• Task objective
Without any pictures, print the lines below from the one that has "BT823 Lavender Dream" through the one that has "Madame Tussauds unveils", exactly and nothing else.

• Given entries
= = = = =
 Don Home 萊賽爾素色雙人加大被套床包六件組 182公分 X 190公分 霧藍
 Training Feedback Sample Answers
= = = = =
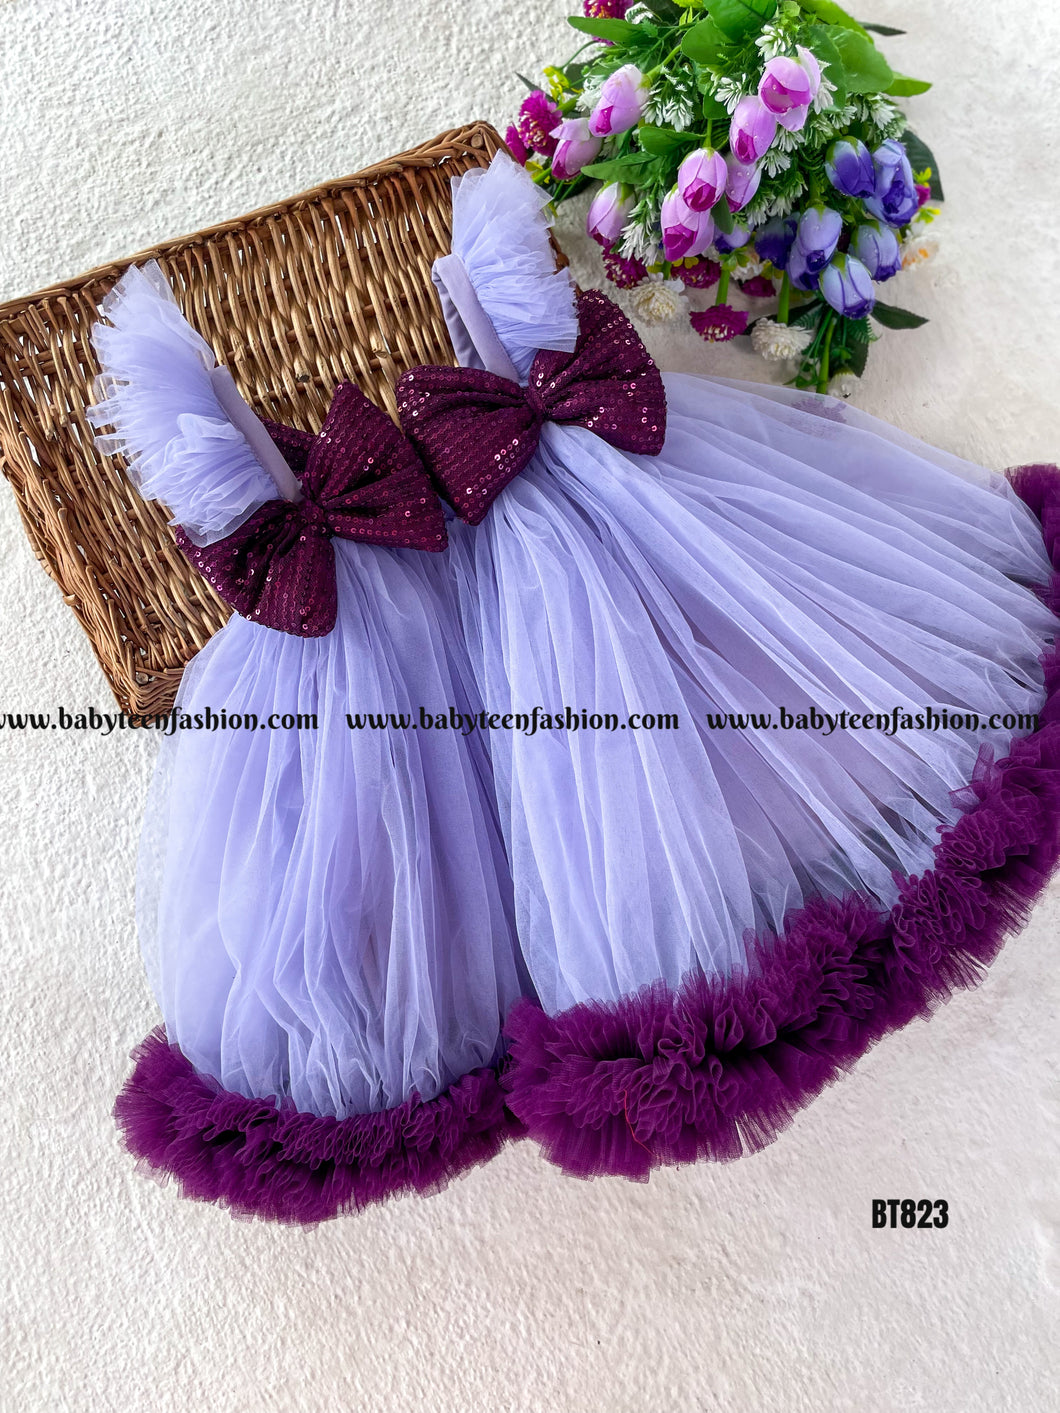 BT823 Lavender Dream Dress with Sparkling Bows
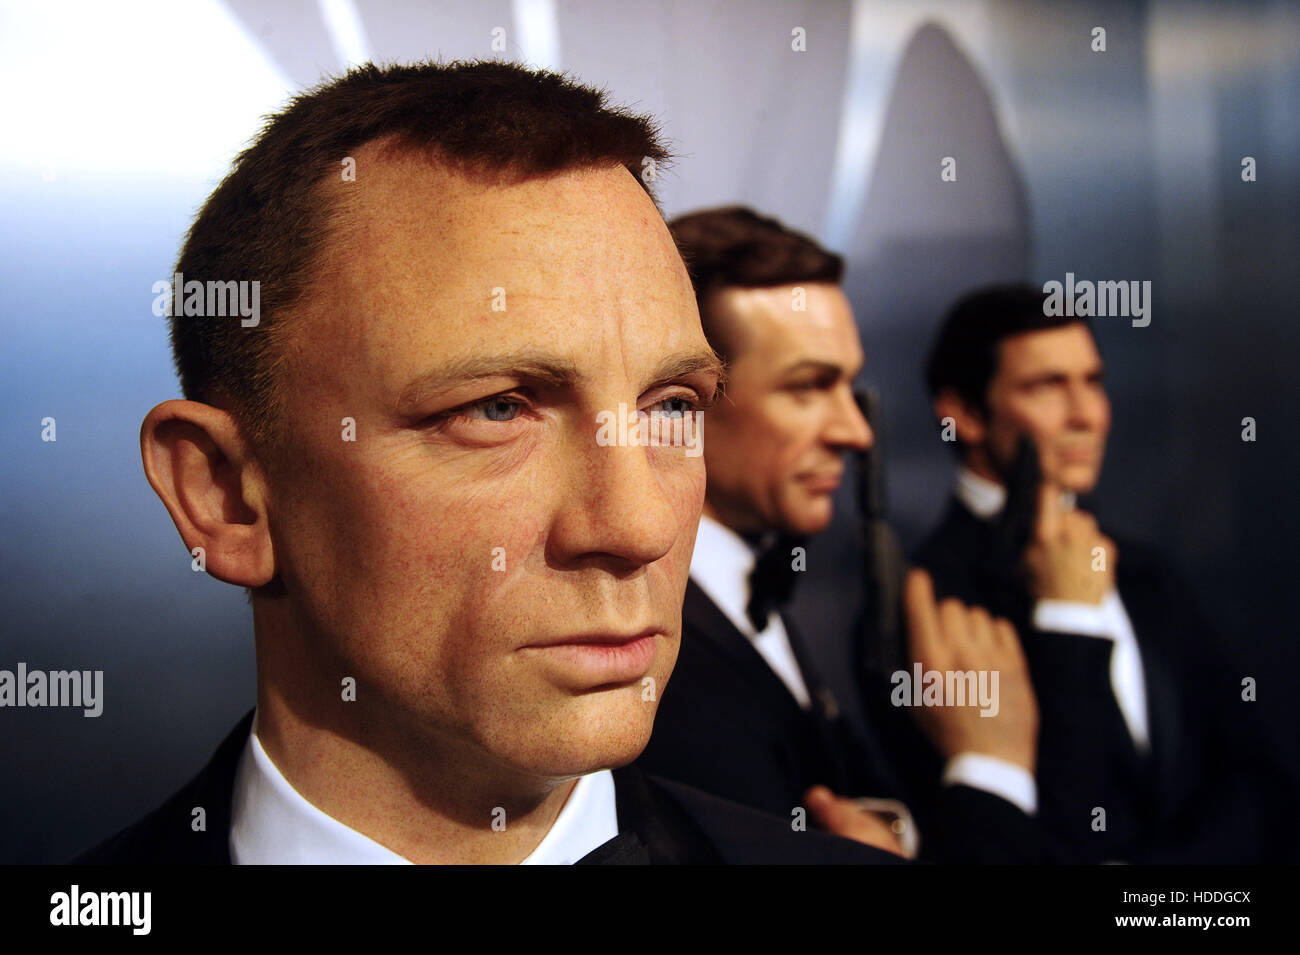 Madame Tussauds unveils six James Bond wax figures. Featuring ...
= = = = =
• Response area
 BT823 Lavender Dream Dress with Sparkling Bows
 Madame Tussauds unveils six James Bond wax figures. Featuring ...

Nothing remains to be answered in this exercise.